◆ INFORMATION SUPPLIED ◆

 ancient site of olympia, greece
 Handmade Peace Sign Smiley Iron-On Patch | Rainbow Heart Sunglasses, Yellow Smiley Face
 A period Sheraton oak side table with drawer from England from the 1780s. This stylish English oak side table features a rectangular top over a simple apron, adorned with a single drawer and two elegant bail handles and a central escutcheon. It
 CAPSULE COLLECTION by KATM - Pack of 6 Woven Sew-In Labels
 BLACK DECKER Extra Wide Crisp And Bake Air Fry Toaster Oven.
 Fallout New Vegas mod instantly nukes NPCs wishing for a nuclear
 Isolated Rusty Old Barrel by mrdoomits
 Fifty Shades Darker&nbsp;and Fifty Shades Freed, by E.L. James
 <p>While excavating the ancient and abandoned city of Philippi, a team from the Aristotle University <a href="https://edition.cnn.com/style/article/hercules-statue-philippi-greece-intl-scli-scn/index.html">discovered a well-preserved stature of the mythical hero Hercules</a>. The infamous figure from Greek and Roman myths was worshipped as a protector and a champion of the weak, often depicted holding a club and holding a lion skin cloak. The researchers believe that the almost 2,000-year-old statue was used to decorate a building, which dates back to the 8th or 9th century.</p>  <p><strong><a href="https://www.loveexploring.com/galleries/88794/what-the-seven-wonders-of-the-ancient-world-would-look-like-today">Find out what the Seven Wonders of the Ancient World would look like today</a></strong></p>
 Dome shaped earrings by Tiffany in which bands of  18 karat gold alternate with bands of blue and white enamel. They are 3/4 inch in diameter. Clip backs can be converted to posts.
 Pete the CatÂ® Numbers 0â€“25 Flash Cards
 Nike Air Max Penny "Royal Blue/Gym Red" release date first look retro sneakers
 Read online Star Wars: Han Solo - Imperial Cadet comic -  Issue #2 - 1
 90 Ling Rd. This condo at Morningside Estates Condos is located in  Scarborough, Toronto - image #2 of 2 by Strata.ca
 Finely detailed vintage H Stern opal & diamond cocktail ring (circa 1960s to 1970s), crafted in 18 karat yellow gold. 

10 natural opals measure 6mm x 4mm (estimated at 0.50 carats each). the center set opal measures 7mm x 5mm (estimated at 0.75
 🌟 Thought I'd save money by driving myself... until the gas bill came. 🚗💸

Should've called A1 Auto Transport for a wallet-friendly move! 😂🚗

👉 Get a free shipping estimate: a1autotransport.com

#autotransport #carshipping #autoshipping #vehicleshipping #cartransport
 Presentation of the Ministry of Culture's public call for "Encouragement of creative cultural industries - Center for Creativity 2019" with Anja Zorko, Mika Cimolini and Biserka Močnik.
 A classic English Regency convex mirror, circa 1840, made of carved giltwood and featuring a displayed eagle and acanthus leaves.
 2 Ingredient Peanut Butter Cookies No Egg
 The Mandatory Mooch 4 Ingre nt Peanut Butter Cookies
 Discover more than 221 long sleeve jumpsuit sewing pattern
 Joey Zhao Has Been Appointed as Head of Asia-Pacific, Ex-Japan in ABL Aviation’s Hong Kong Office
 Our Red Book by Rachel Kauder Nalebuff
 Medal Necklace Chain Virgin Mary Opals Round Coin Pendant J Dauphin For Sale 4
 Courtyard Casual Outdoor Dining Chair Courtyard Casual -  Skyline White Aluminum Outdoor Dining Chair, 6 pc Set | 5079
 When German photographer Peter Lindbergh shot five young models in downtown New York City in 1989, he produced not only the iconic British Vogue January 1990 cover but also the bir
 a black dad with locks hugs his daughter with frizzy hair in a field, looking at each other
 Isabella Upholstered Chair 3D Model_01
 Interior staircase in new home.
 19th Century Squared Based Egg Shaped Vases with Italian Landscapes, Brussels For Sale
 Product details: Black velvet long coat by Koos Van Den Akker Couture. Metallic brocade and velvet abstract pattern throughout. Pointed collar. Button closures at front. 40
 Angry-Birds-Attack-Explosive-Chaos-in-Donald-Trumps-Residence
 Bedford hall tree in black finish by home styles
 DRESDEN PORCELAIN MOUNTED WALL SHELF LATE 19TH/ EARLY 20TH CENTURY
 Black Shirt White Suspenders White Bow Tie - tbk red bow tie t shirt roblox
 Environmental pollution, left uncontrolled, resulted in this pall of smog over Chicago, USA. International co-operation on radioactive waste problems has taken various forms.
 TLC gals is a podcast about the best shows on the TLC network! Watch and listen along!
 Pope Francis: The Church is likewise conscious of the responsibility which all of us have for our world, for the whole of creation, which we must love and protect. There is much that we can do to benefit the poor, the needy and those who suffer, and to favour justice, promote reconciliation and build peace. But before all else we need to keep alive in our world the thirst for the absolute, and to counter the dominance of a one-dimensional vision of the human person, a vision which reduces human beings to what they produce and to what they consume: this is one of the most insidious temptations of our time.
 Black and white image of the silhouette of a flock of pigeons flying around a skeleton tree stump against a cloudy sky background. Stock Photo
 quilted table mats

◆ THE TASK ◆
What the exercise needs is every record again, word for word.

◆ SOLUTION FOR THIS TASK ◆
 ancient site of olympia, greece
 Handmade Peace Sign Smiley Iron-On Patch | Rainbow Heart Sunglasses, Yellow Smiley Face
 A period Sheraton oak side table with drawer from England from the 1780s. This stylish English oak side table features a rectangular top over a simple apron, adorned with a single drawer and two elegant bail handles and a central escutcheon. It
 CAPSULE COLLECTION by KATM - Pack of 6 Woven Sew-In Labels
 BLACK DECKER Extra Wide Crisp And Bake Air Fry Toaster Oven.
 Fallout New Vegas mod instantly nukes NPCs wishing for a nuclear
 Isolated Rusty Old Barrel by mrdoomits
 Fifty Shades Darker&nbsp;and Fifty Shades Freed, by E.L. James
 <p>While excavating the ancient and abandoned city of Philippi, a team from the Aristotle University <a href="https://edition.cnn.com/style/article/hercules-statue-philippi-greece-intl-scli-scn/index.html">discovered a well-preserved stature of the mythical hero Hercules</a>. The infamous figure from Greek and Roman myths was worshipped as a protector and a champion of the weak, often depicted holding a club and holding a lion skin cloak. The researchers believe that the almost 2,000-year-old statue was used to decorate a building, which dates back to the 8th or 9th century.</p>  <p><strong><a href="https://www.loveexploring.com/galleries/88794/what-the-seven-wonders-of-the-ancient-world-would-look-like-today">Find out what the Seven Wonders of the Ancient World would look like today</a></strong></p>
 Dome shaped earrings by Tiffany in which bands of  18 karat gold alternate with bands of blue and white enamel. They are 3/4 inch in diameter. Clip backs can be converted to posts.
 Pete the CatÂ® Numbers 0â€“25 Flash Cards
 Nike Air Max Penny "Royal Blue/Gym Red" release date first look retro sneakers
 Read online Star Wars: Han Solo - Imperial Cadet comic -  Issue #2 - 1
 90 Ling Rd. This condo at Morningside Estates Condos is located in  Scarborough, Toronto - image #2 of 2 by Strata.ca
 Finely detailed vintage H Stern opal & diamond cocktail ring (circa 1960s to 1970s), crafted in 18 karat yellow gold. 

10 natural opals measure 6mm x 4mm (estimated at 0.50 carats each). the center set opal measures 7mm x 5mm (estimated at 0.75
 🌟 Thought I'd save money by driving myself... until the gas bill came. 🚗💸

Should've called A1 Auto Transport for a wallet-friendly move! 😂🚗

👉 Get a free shipping estimate: a1autotransport.com

#autotransport #carshipping #autoshipping #vehicleshipping #cartransport
 Presentation of the Ministry of Culture's public call for "Encouragement of creative cultural industries - Center for Creativity 2019" with Anja Zorko, Mika Cimolini and Biserka Močnik.
 A classic English Regency convex mirror, circa 1840, made of carved giltwood and featuring a displayed eagle and acanthus leaves.
 2 Ingredient Peanut Butter Cookies No Egg
 The Mandatory Mooch 4 Ingre nt Peanut Butter Cookies
 Discover more than 221 long sleeve jumpsuit sewing pattern
 Joey Zhao Has Been Appointed as Head of Asia-Pacific, Ex-Japan in ABL Aviation’s Hong Kong Office
 Our Red Book by Rachel Kauder Nalebuff
 Medal Necklace Chain Virgin Mary Opals Round Coin Pendant J Dauphin For Sale 4
 Courtyard Casual Outdoor Dining Chair Courtyard Casual -  Skyline White Aluminum Outdoor Dining Chair, 6 pc Set | 5079
 When German photographer Peter Lindbergh shot five young models in downtown New York City in 1989, he produced not only the iconic British Vogue January 1990 cover but also the bir
 a black dad with locks hugs his daughter with frizzy hair in a field, looking at each other
 Isabella Upholstered Chair 3D Model_01
 Interior staircase in new home.
 19th Century Squared Based Egg Shaped Vases with Italian Landscapes, Brussels For Sale
 Product details: Black velvet long coat by Koos Van Den Akker Couture. Metallic brocade and velvet abstract pattern throughout. Pointed collar. Button closures at front. 40
 Angry-Birds-Attack-Explosive-Chaos-in-Donald-Trumps-Residence
 Bedford hall tree in black finish by home styles
 DRESDEN PORCELAIN MOUNTED WALL SHELF LATE 19TH/ EARLY 20TH CENTURY
 Black Shirt White Suspenders White Bow Tie - tbk red bow tie t shirt roblox
 Environmental pollution, left uncontrolled, resulted in this pall of smog over Chicago, USA. International co-operation on radioactive waste problems has taken various forms.
 TLC gals is a podcast about the best shows on the TLC network! Watch and listen along!
 Pope Francis: The Church is likewise conscious of the responsibility which all of us have for our world, for the whole of creation, which we must love and protect. There is much that we can do to benefit the poor, the needy and those who suffer, and to favour justice, promote reconciliation and build peace. But before all else we need to keep alive in our world the thirst for the absolute, and to counter the dominance of a one-dimensional vision of the human person, a vision which reduces human beings to what they produce and to what they consume: this is one of the most insidious temptations of our time.
 Black and white image of the silhouette of a flock of pigeons flying around a skeleton tree stump against a cloudy sky background. Stock Photo
 quilted table mats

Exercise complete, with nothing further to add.